A minimum product card includes:

FieldDescription
Product nameInternal product name
TypePlatform or applied
Product classLLM, RAG, ML, automation, code agent, agentic system, etc.
OwnerWho owns product development
Target audienceWho the product is for
Main scenariosWhich tasks it solves
Used platformsWhich base capabilities it uses
StatusIdea, pilot, production, evolution, retirement
ConstraintsWhat the product must not do
IntegrationsWhich systems it connects to
InitiativesWhich initiatives use the product
MetricsUsage, quality, impact, cost

Product statuses

Product idea
→ Feasibility evaluation
→ Pilot
→ Production
→ Scaling
→ Evolution
→ Retirement

Platform products are evaluated by reliability, security, scalability, usage cost, availability to teams, and speed of onboarding new scenarios.

Applied products are evaluated by user value, adoption, result quality, effort reduction, business impact, and scenario repeatability.


Strategic portfolio decisions

Important portfolio decisions include:

  • Investment choices — which AI products to grow and which to postpone.
  • Task-to-product mapping — which use case class each product serves.
  • Build / Buy / Partner — internal development, buying a solution, or partnering.
  • Product maturity management — from experiment to scaled adoption.

The portfolio strategy should be reviewed at least quarterly based on new technologies, business priorities, initiative results, and maturity of existing products.


How AI products connect to initiatives

AI products and AI initiatives are different entities.
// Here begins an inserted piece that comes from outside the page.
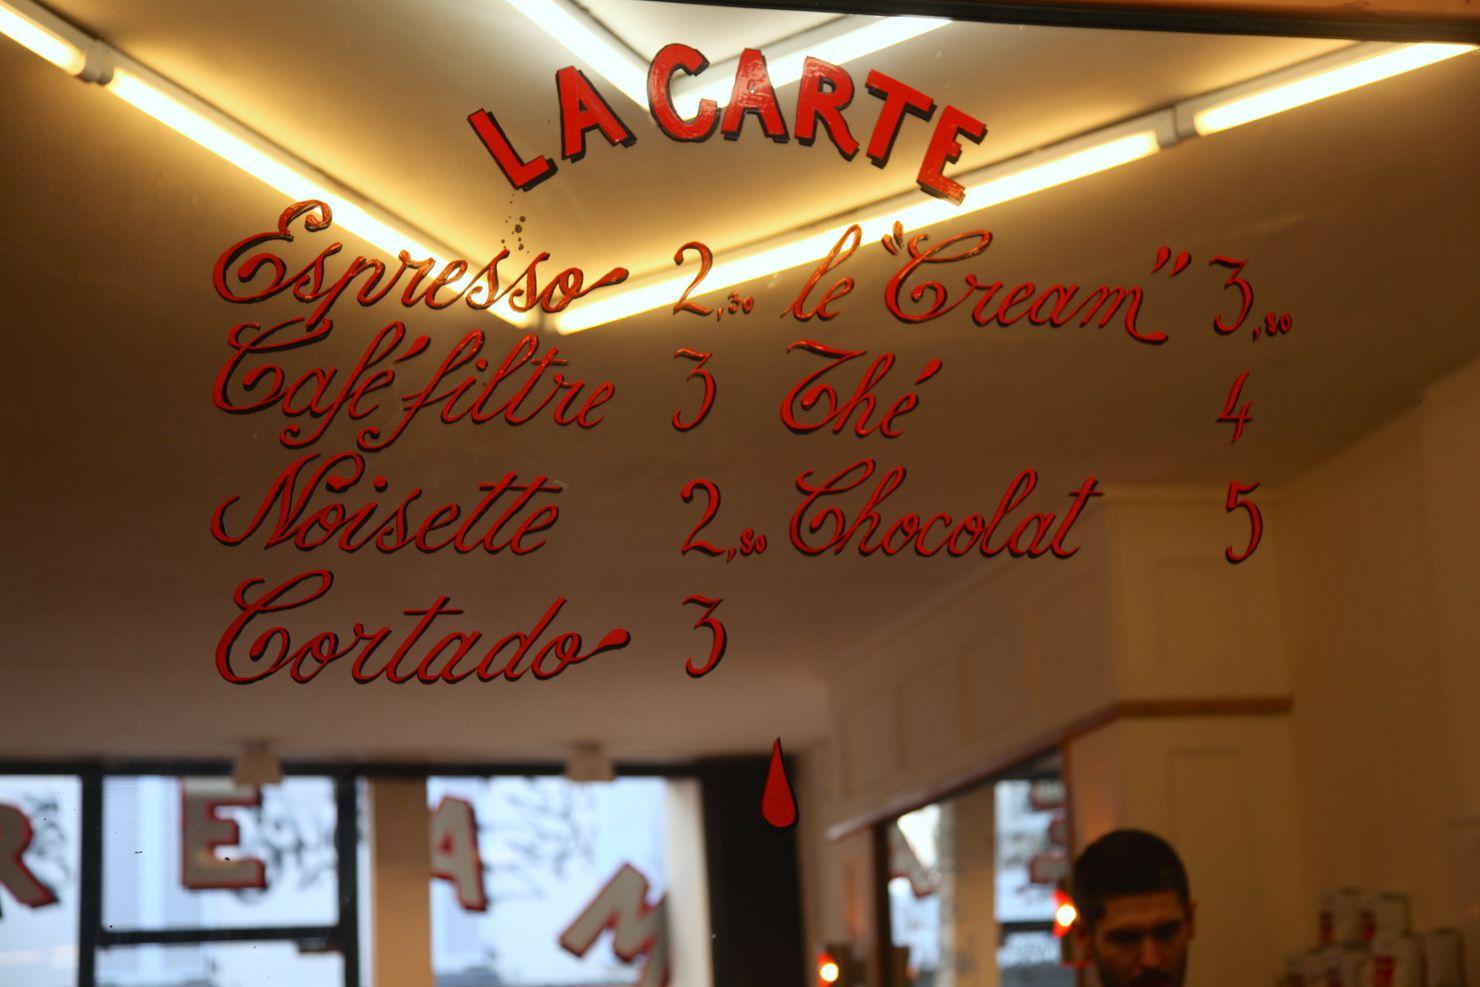 CREAM Joins New Crop Of Paris Cafes

An initiative describes a business need, value hypothesis, and implementation path. A product describes the reusable capability through which the need can be implemented.

One product can be used in several initiatives. One initiative can use several products.

Example initiative: reduce time to prepare analytical briefs. Used products: LLM, RAG, analyst assistant.


Key principle

The company must manage not only the flow of AI ideas, but also the portfolio of AI products through which these ideas are implemented.

Without this, AI adoption becomes a set of disconnected pilots. With it, the company gets less duplication, faster delivery, clearer architecture, managed security, reuse, and transparent accountability.